*EXERCISE DESCRIPTION*
Copy out the entries below exactly as they stand, but only from the line containing "Long hair ideas easy" through the line containing "Sorocaba assina convênios".

*EXTRACTED INFORMATION*
------------------------------

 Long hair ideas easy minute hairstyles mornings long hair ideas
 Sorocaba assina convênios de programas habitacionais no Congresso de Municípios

------------------------------

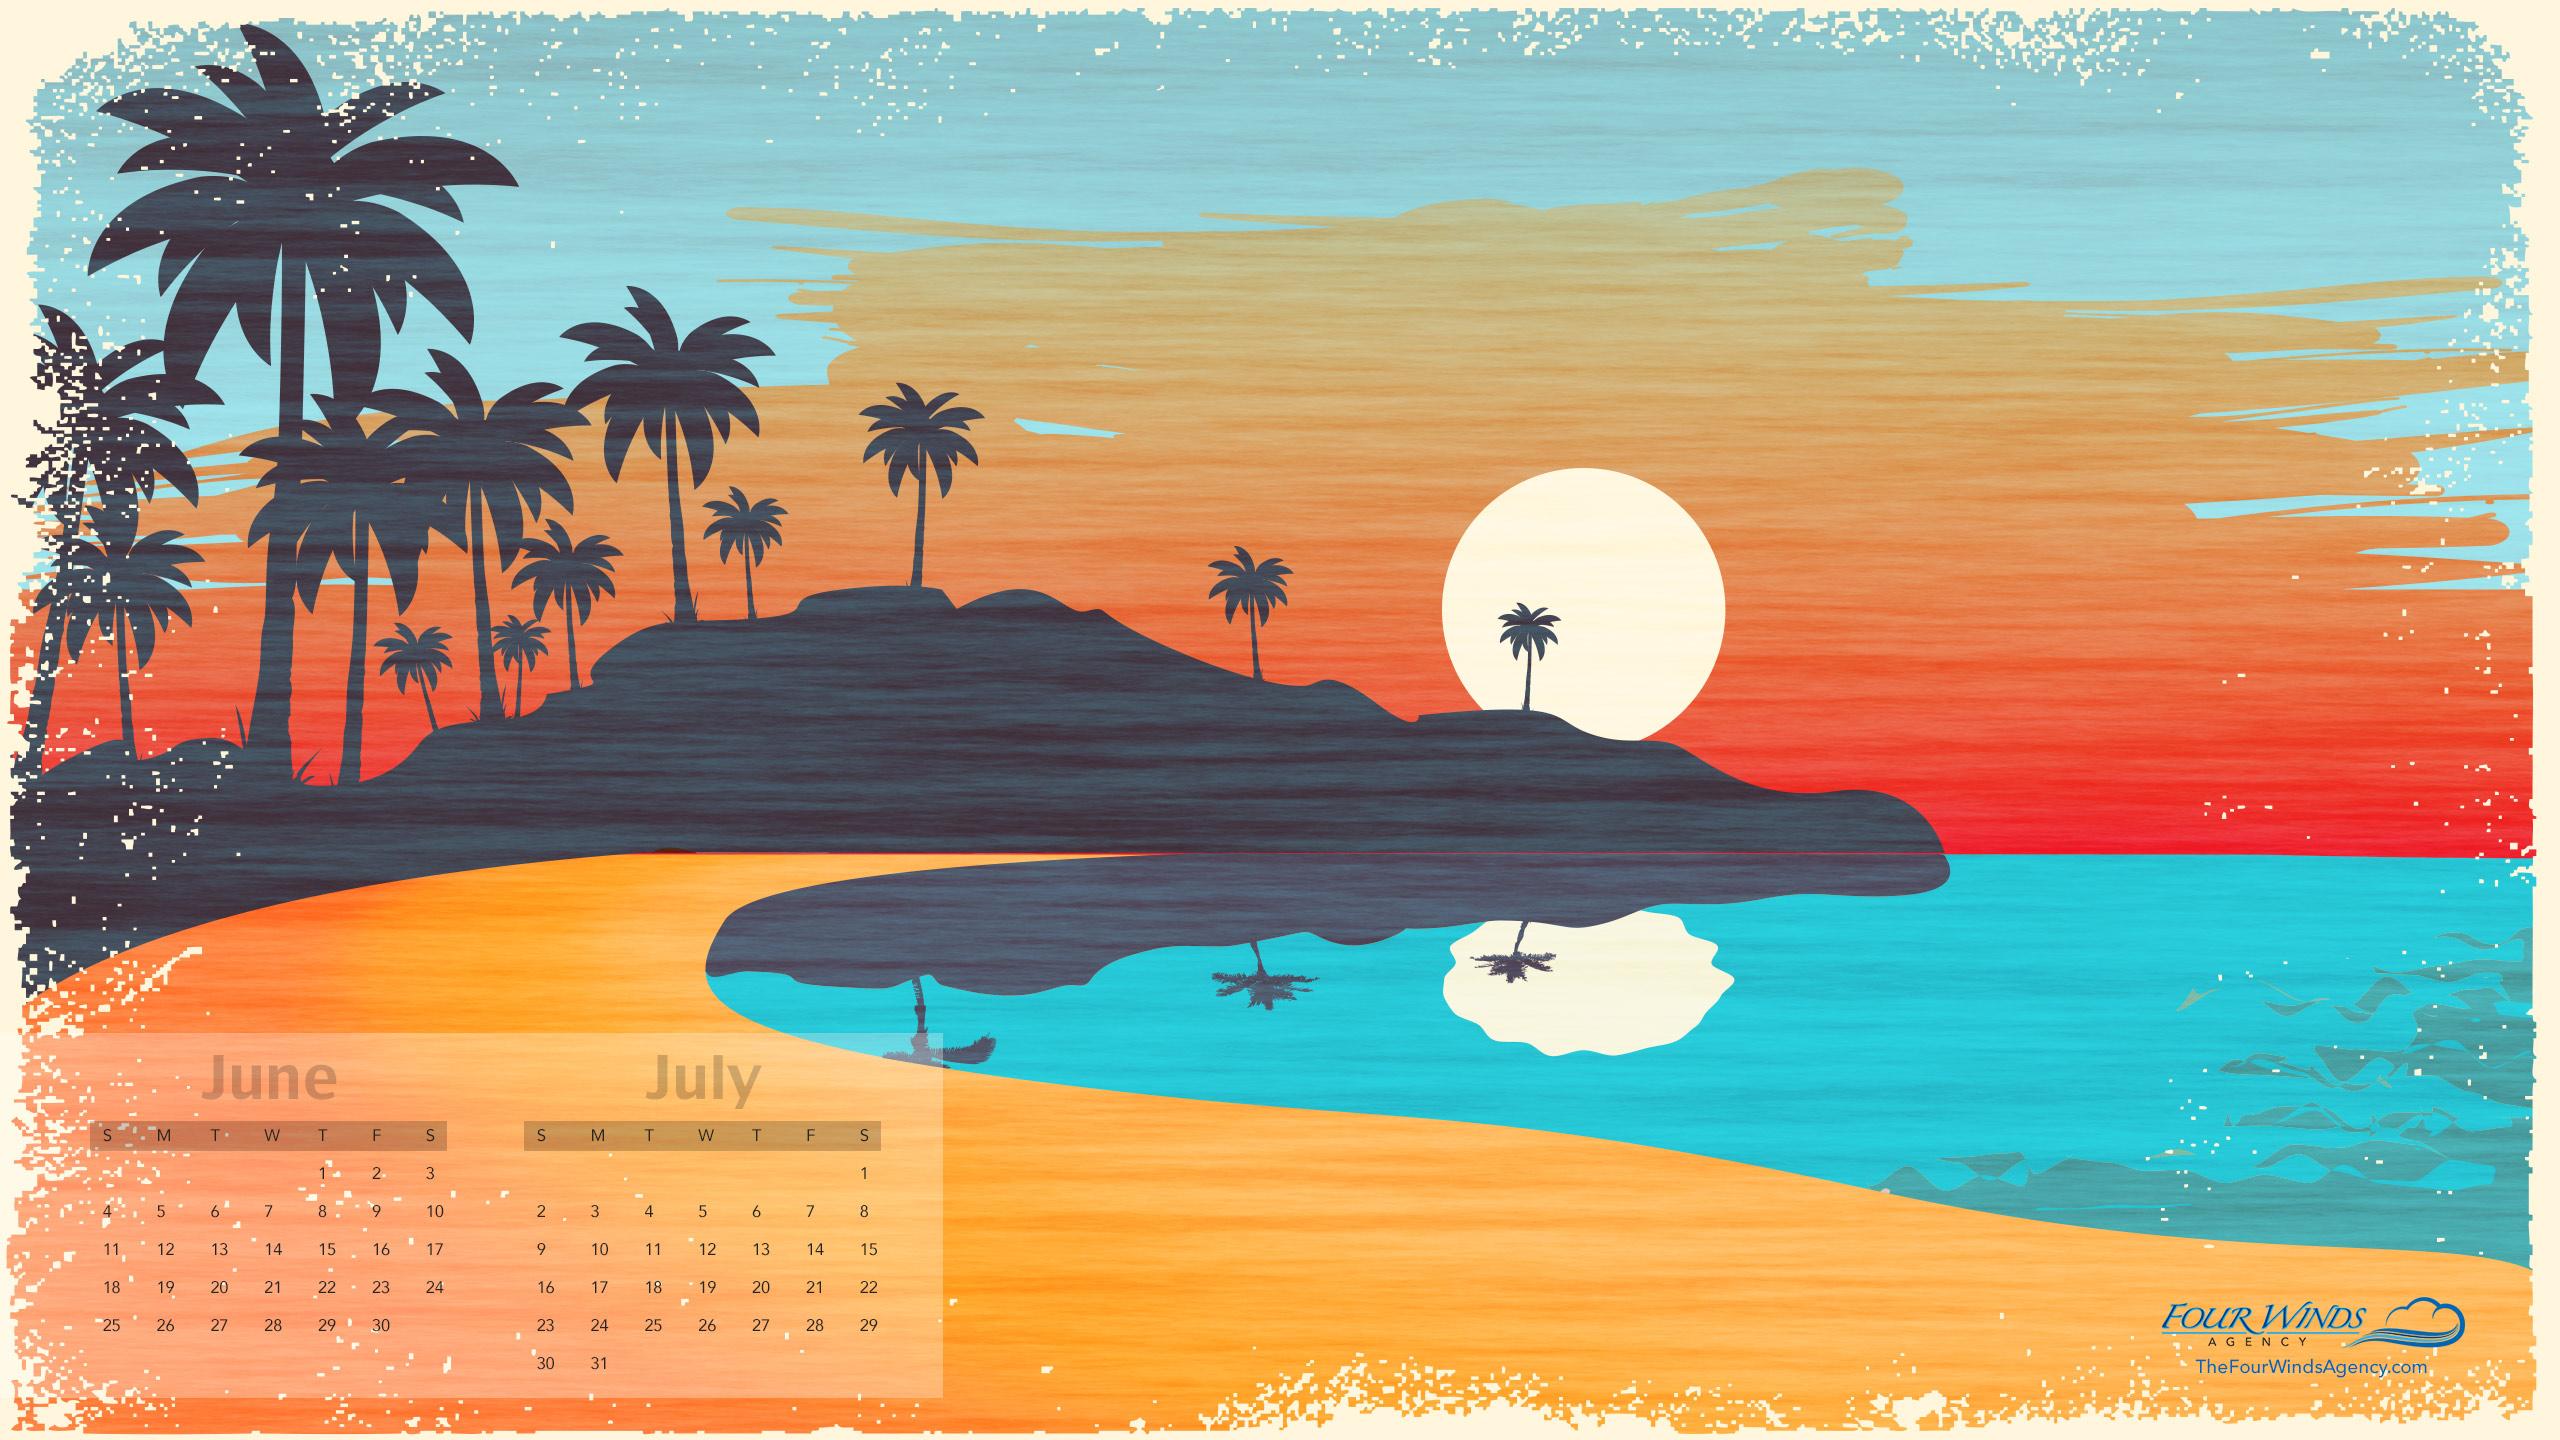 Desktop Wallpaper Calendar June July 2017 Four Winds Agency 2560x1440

------------------------------

*RESPONSE FOR THIS EXERCISE*
 Long hair ideas easy minute hairstyles mornings long hair ideas
 Sorocaba assina convênios de programas habitacionais no Congresso de Municípios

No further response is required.